El Ministerio de Salud de la Nación encendió una alerta sanitaria nacional luego de confirmarse cuatro casos de sarampión en ciudadanos uruguayos que viajaron por distintas provincias argentinas entre el 14 y el 16 de noviembre, tras regresar de un viaje a Bolivia. Ninguno de los contagios presentaba antecedentes de vacunación, lo que aumentó la preocupación por una posible propagación del virus en personas que compartieron espacios cerrados o medios de transporte durante esos días.
Los afectados integran un mismo grupo familiar: tres adultos de 46, 39 y 21 años, y un menor de 11. Según la información oficial, se habrían contagiado durante actividades sociales en Bolivia entre el 5 y el 10 de noviembre. El 11 y 13 comenzaron con fiebre y malestar general, mientras que entre el 15 y el 17 de noviembre apareció el característico exantema (manchas visibles en la piel).
El recorrido realizado por la familia incluyó el cruce fronterizo entre Yacuiba (Bolivia) y Salvador Mazza (Salta) el 14 de noviembre. Luego, viajaron en colectivos de larga distancia que atravesaron Salta, Santiago del Estero, Santa Fe, Buenos Aires y la Ciudad Autónoma de Buenos Aires, para finalmente salir del país el 16 de noviembre por Colón (Entre Ríos) rumbo a Paysandú, Uruguay.
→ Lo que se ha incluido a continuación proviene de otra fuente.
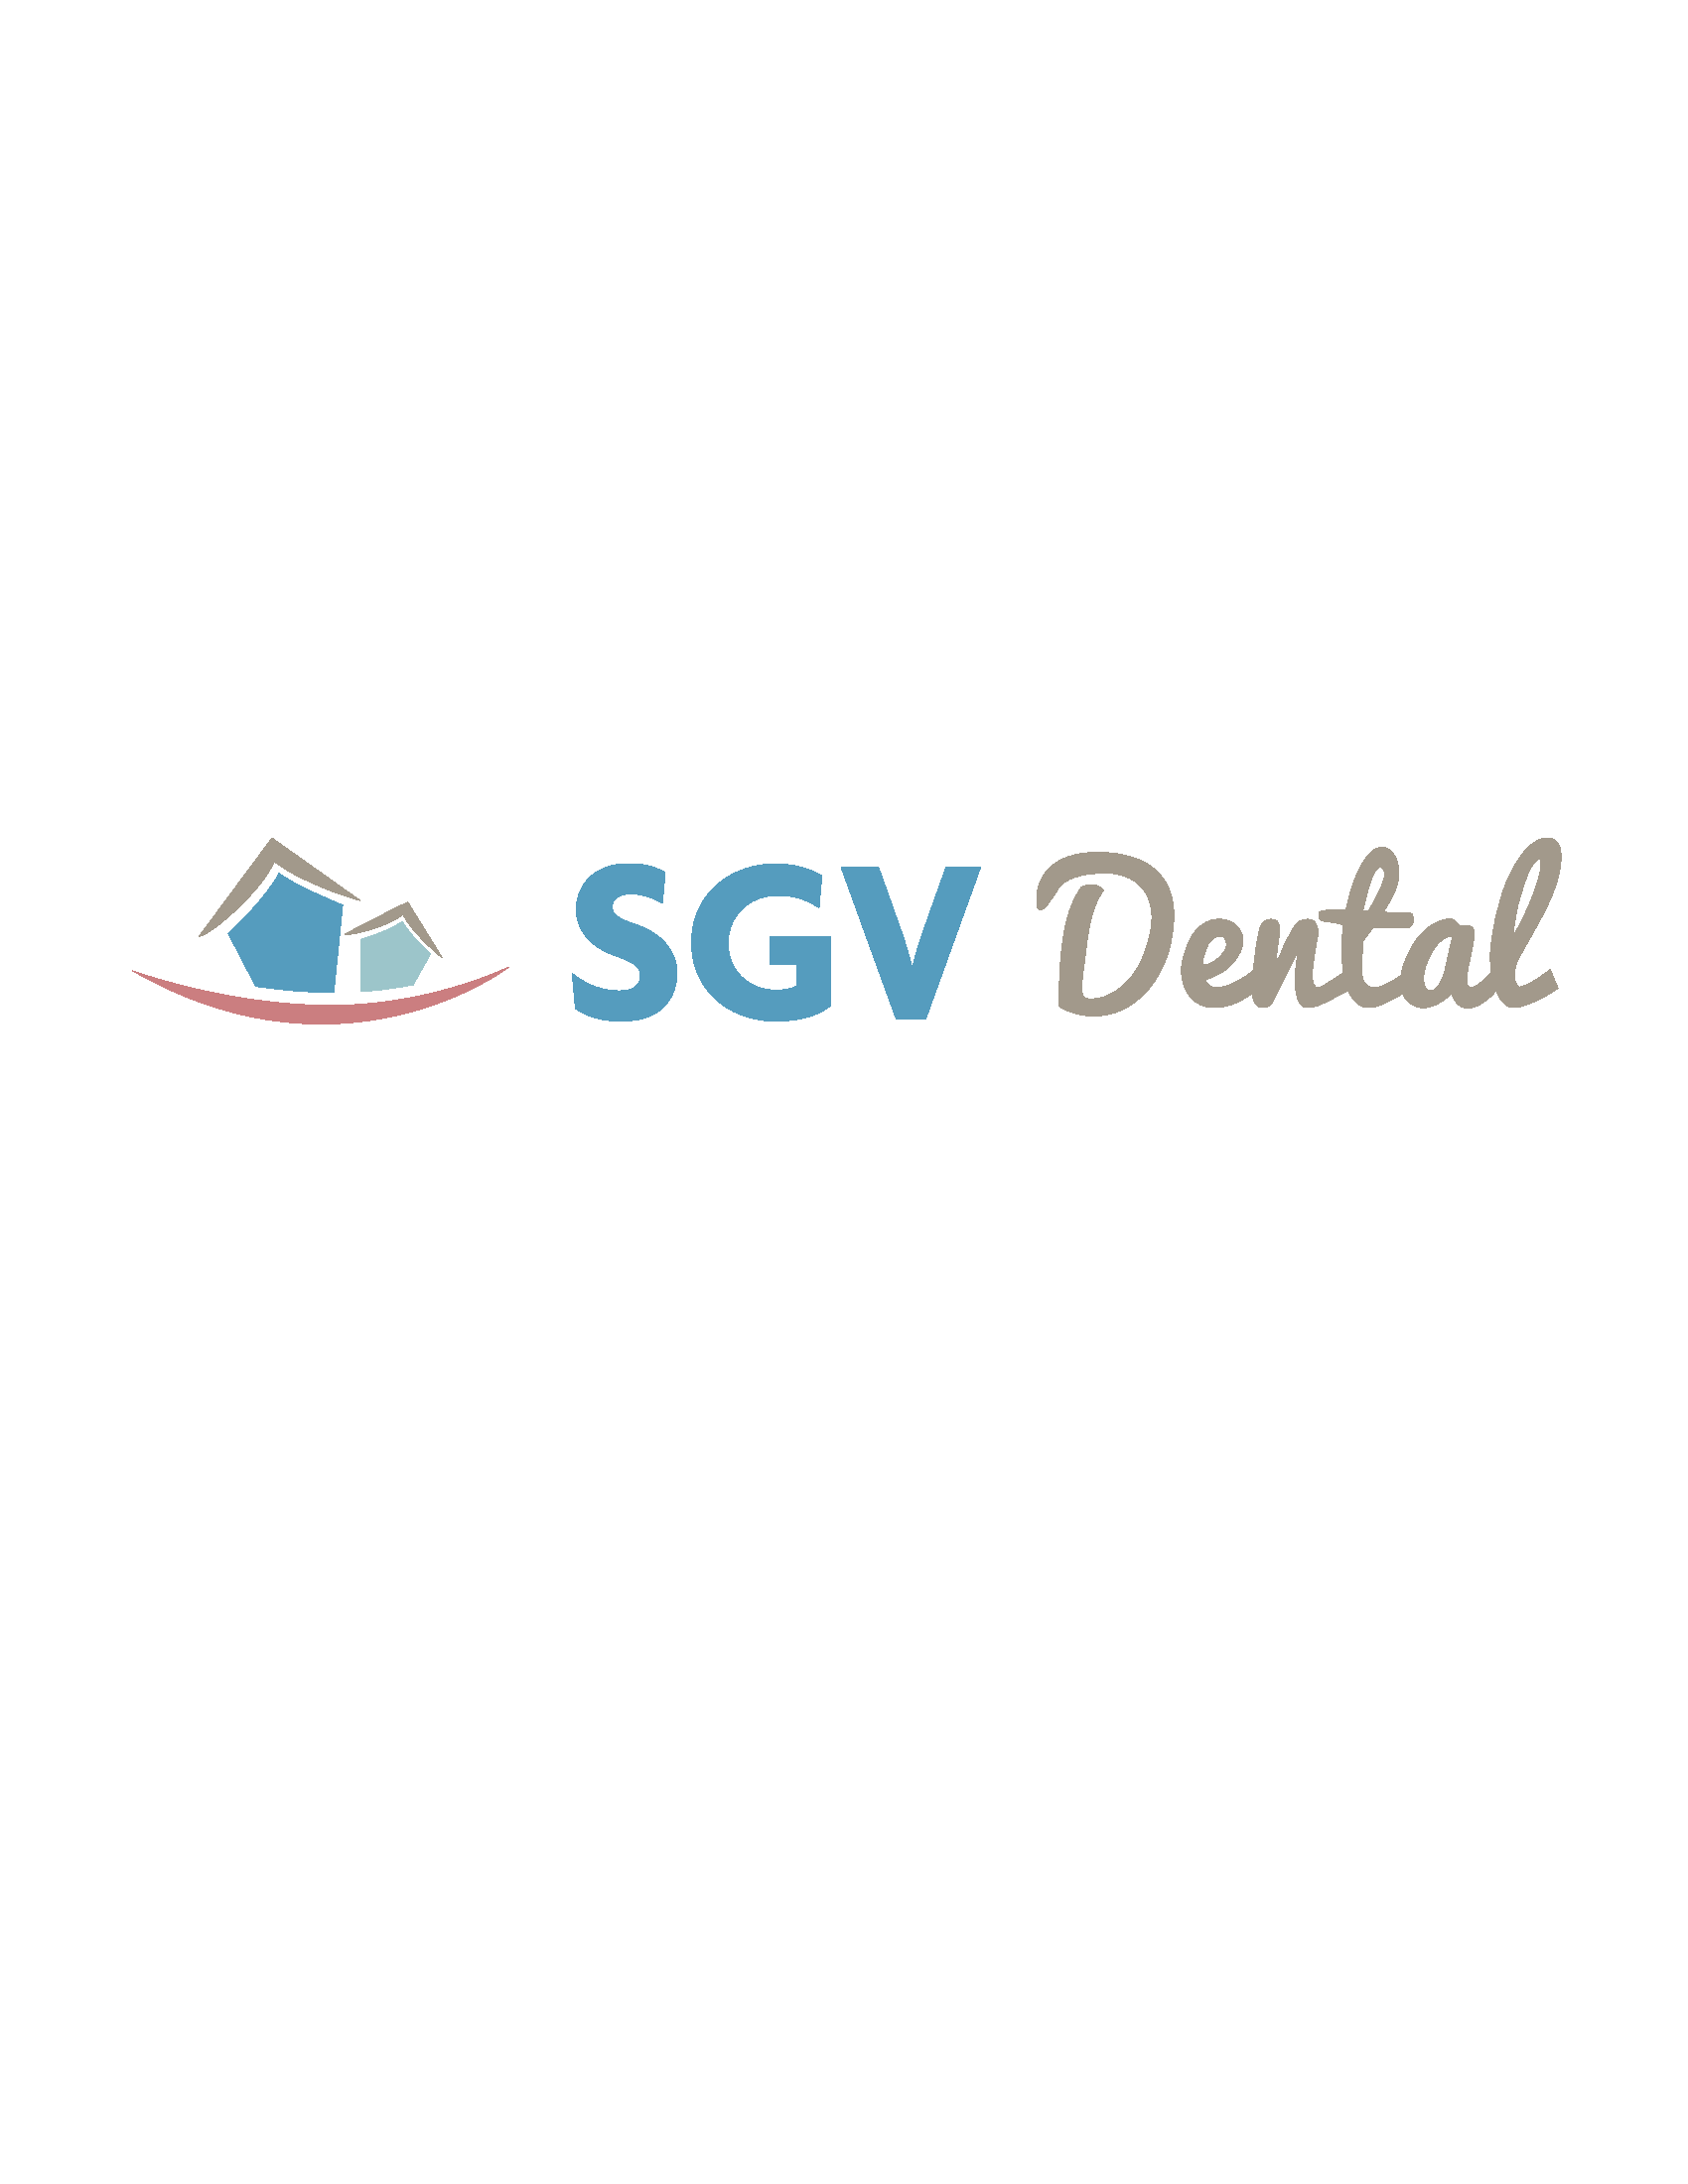 SVG Dental

Las autoridades sanitarias identificaron los trayectos y paradores donde pudieron haber existido contactos: estaciones en Mosconi, Rosario de la Frontera, San Nicolás, Liniers y Retiro; además de múltiples puntos en Jujuy, Salta, Tucumán, Santiago del Estero, Santa Fe, Buenos Aires, CABA y Entre Ríos. Por este motivo, se solicitó a cualquier persona que haya coincidido en alguno de estos lugares estar atenta a la aparición de síntomas, incluso aunque no haya tenido contacto directo con la familia.
Hasta la semana epidemiológica 26 de 2025, Argentina registraba 35 casos de sarampión, en su mayoría vinculados a viajes internacionales. La situación vuelve a poner en foco la importancia de la vigilancia epidemiológica y el control del esquema de vacunación, especialmente en niños, adultos jóvenes y personas inmunocomprometidas.
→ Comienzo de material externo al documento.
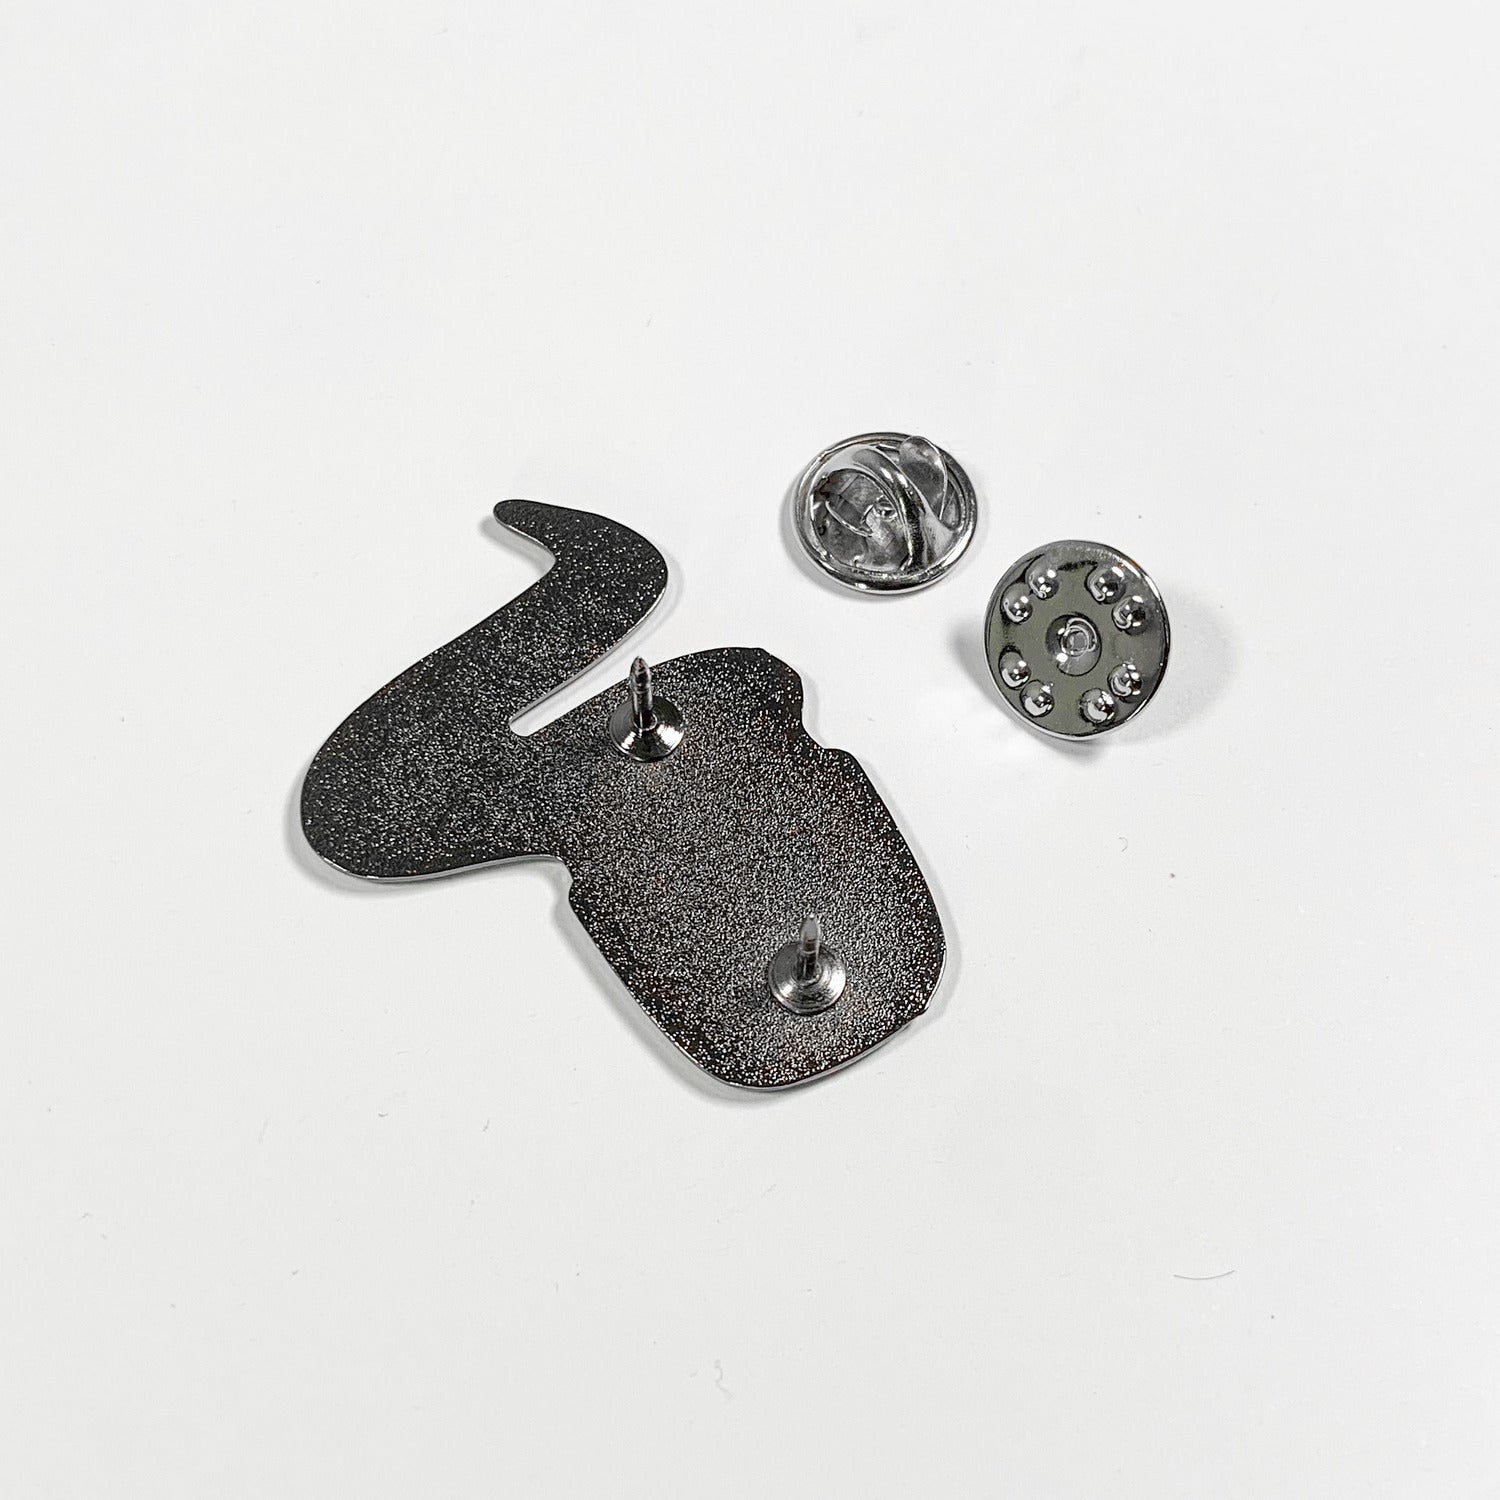 Assorted Pin Backs – Broken Bartender

El sarampión es una enfermedad viral altamente contagiosa que se transmite por vía respiratoria. Sus principales síntomas incluyen fiebre alta, manchas rojas en la piel, tos, secreción nasal y conjuntivitis. En los casos más severos puede provocar neumonía, convulsiones e inflamación del cerebro, con riesgo de muerte en personas no vacunadas.
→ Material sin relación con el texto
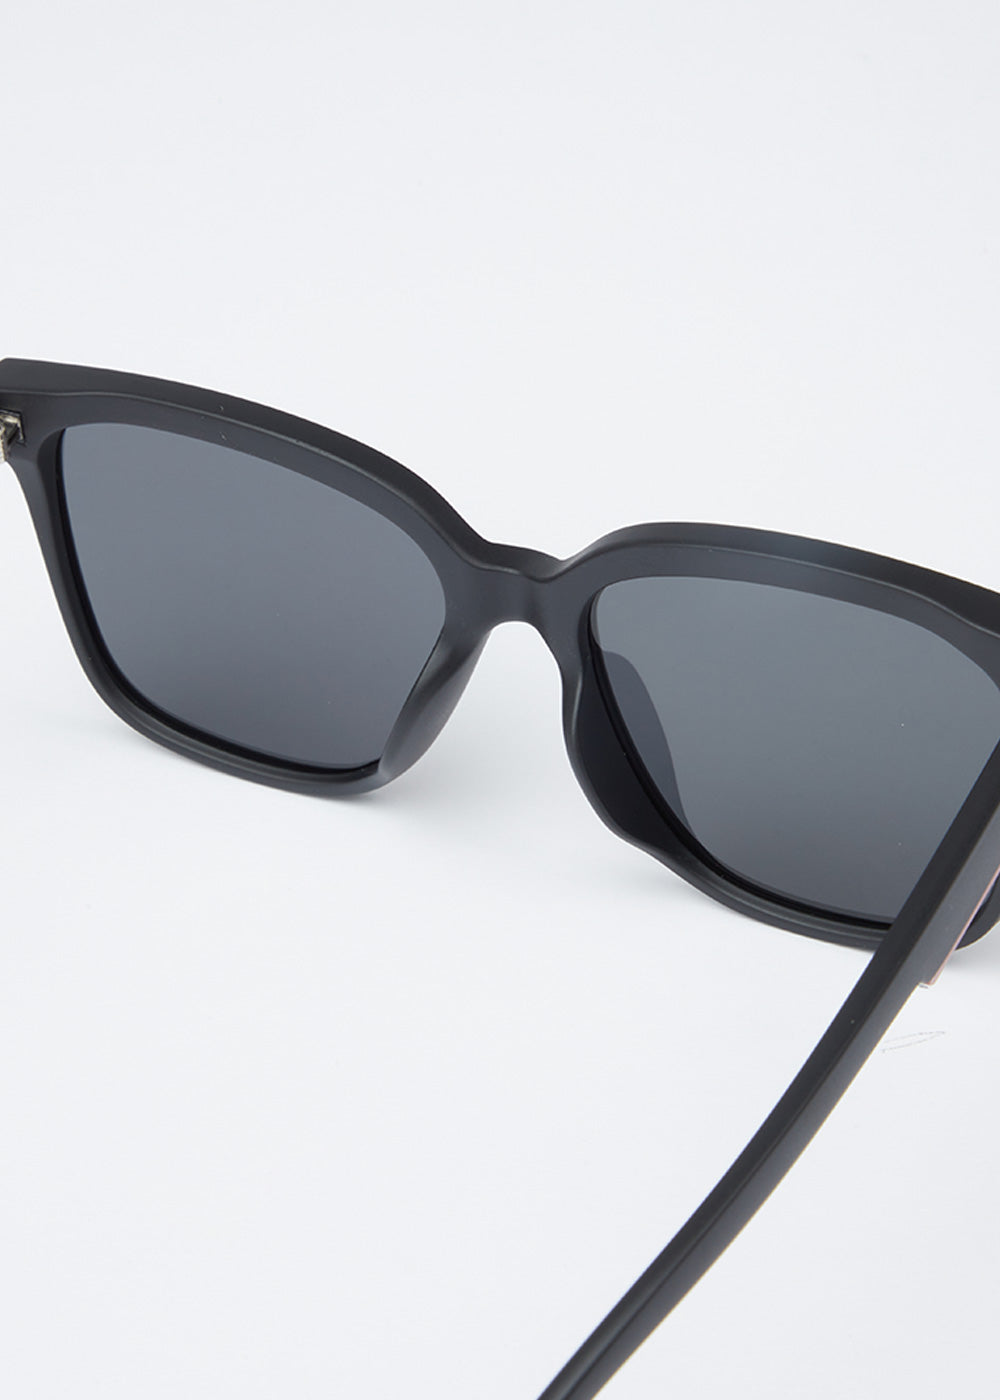 Devine Black Unisex Square Sunglasses

El Ministerio recordó que la única forma eficaz de prevención es la vacunación. El esquema indicado incluye dosis de vacuna triple o doble viral desde los 6 meses de edad, con refuerzos a los 12 meses y a los 5 años. Las personas mayores de 13 meses sin registro de vacunación deben aplicarse una dosis de triple viral y otra de doble viral con un intervalo de 28 días.
Las autoridades instaron a la población a revisar su carnet de vacunación y, ante la presencia de síntomas compatibles, acercarse al centro de salud más cercano e informar sobre posibles lugares y fechas de exposición.